Here is Johnny Oates, member of the Virginia Tech Hall of Fame. He was selected by the Baltimore Orioles in the first round of the 1967 draft while still enrolled at Virginia Tech but only signed with the Orioles on the condition that he could stay in school long enough to graduate. He was born and raised in North Carolina, and was at the time of this 1978 card spending the majority of his spring, summer, and fall in Los Angeles, but, according to the back of this card, his home was in Virginia. I’m going to go out on a limb and surmise that he enjoyed his time as a baseball superstar at Virginia Tech. He certainly never attained that level of stardom in the major leagues, though he was a decent enough left-handed hitter to find employment as a backup or platoon catcher on 5 different teams in an 11-year major league career, 3 of those seasons ending with his team playing in the World Series. He found greater success as a manager, leading the Texas Rangers to 3 division championships in the 1990s. His number has been retired by Virginia Tech and by the Rangers. He died of brain cancer on Christmas Eve of 2004. I don’t know what you can say about brain cancer taking away a man who should have had many more years on this earth.
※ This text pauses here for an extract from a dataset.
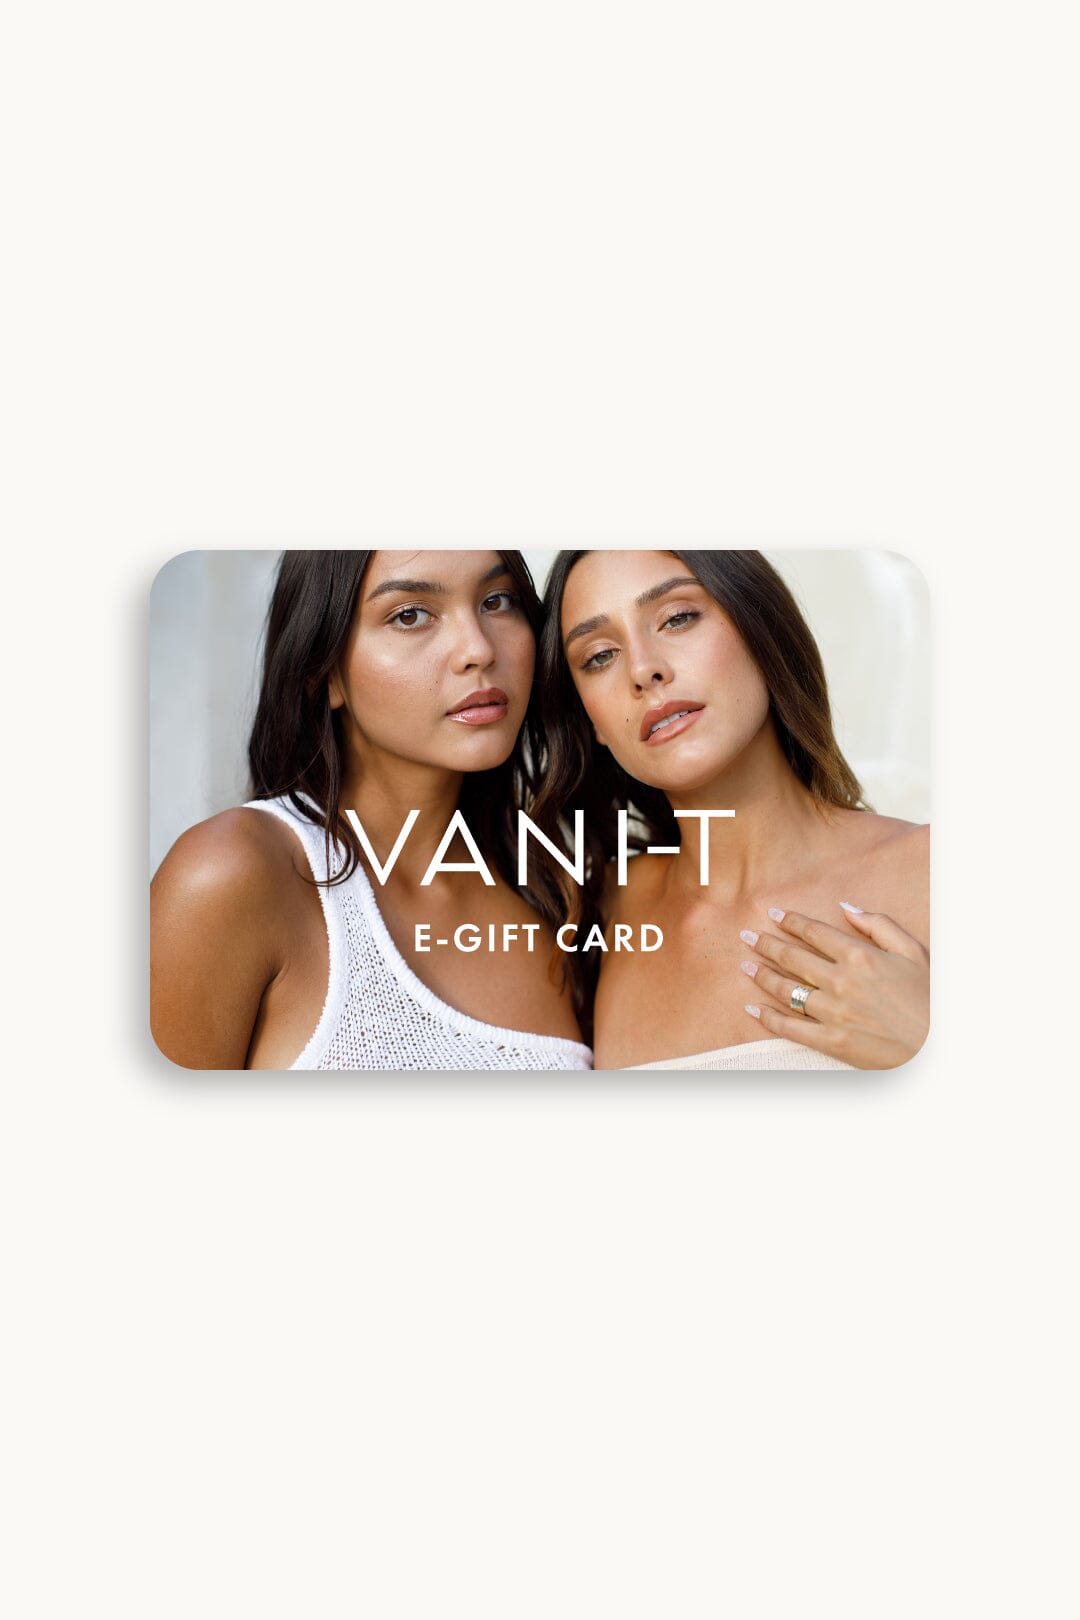 VANI-T Gift Card

And I certainly have no fucking idea whatsoever what you can say about the mass murder of 32 students at Johnny Oates’ alma mater yesterday.

A few years ago I watched from the window of my Brooklyn apartment as the two World Trade Center buildings fell. Not long after there was nothing but the huge black cloud where the buildings had been, my roommate Pete went to see his girlfriend a few blocks south, and I walked several miles to my girlfriend’s house in Queens. I walked against the grain of the thousands and thousands of people who had evacuated Manhattan by foot across the Queensboro Bridge and were then moving from Queens toward their homes in Brooklyn. When I think about words in terms of horrific events, I think of the moment when I was crossing the Pulaski Bridge into Queens against this sea of stunned people in their ash-covered work clothes. A United States fighter plane ripped across the sky above us. I stopped to watch the jet pass, as did a man walking the other way. When it had quickly disappeared from sight I lowered my gaze and my eyes met those of the Brooklyn-bound observer.

“Too late,” the man said.

That’s what I think of any and all words in the aftermath of unspeakable events. Too late. You can look for someone to blame, some way that some or all of the bloodshed could have been avoided. You can psychoanalyze the murderer. You can send in troops or fighter jets or extra security to check everyone for handguns and grenades. You can even make speeches and talk about God. Too late. All of it. Too fucking late.